# What this task involves
For this exercise, the lines from the one with "Trauma and Orthopaedic Surgery 2018" through the end of the material below must be output exactly, without pictures.

# Exercise data
******************************
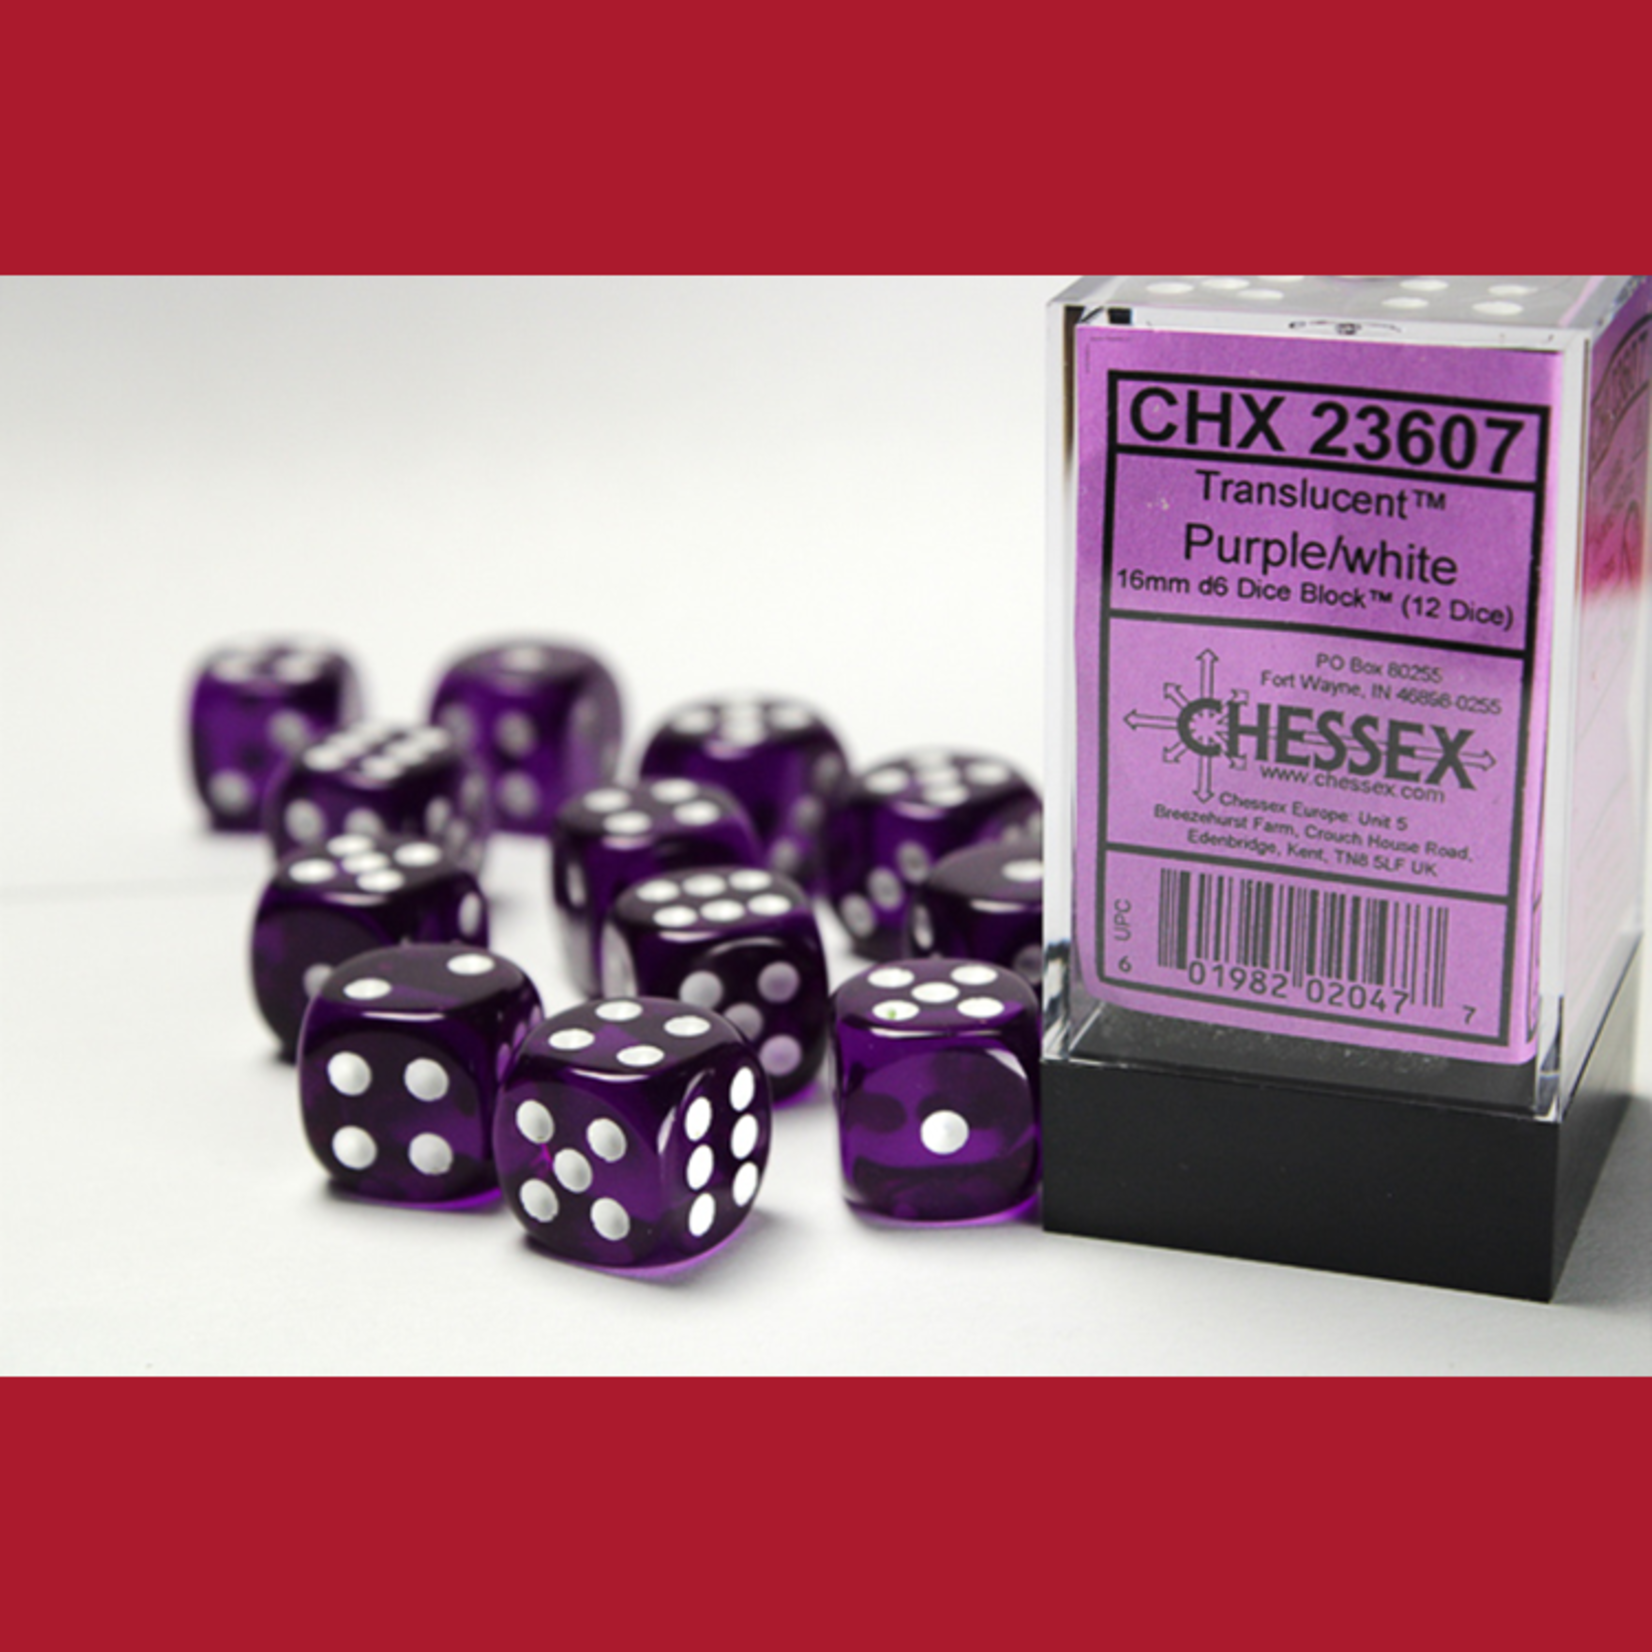 Chessex CHX 23607 Translucent Purple / White 16mm (12d6)
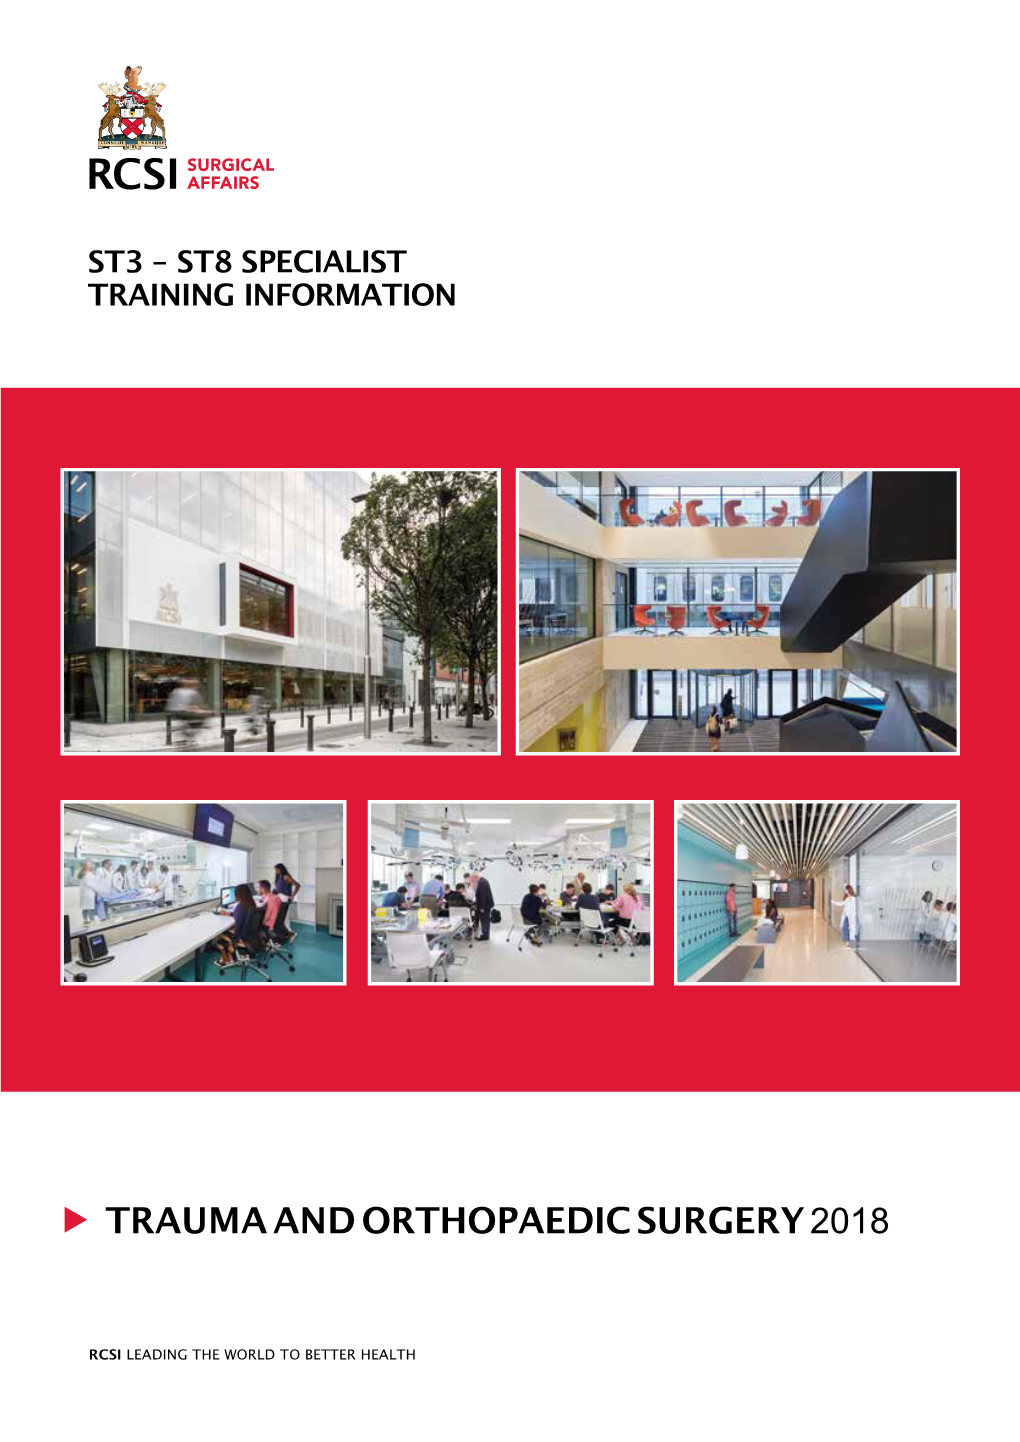 Trauma and Orthopaedic Surgery 2018
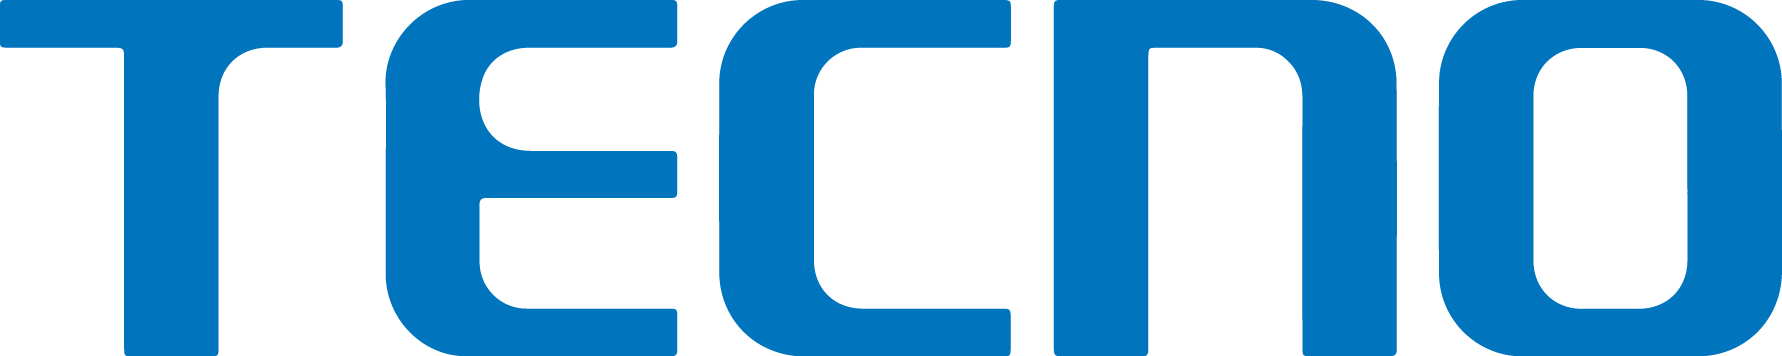 Логотип Tecno
******************************
# Reply
 Trauma and Orthopaedic Surgery 2018
 Логотип Tecno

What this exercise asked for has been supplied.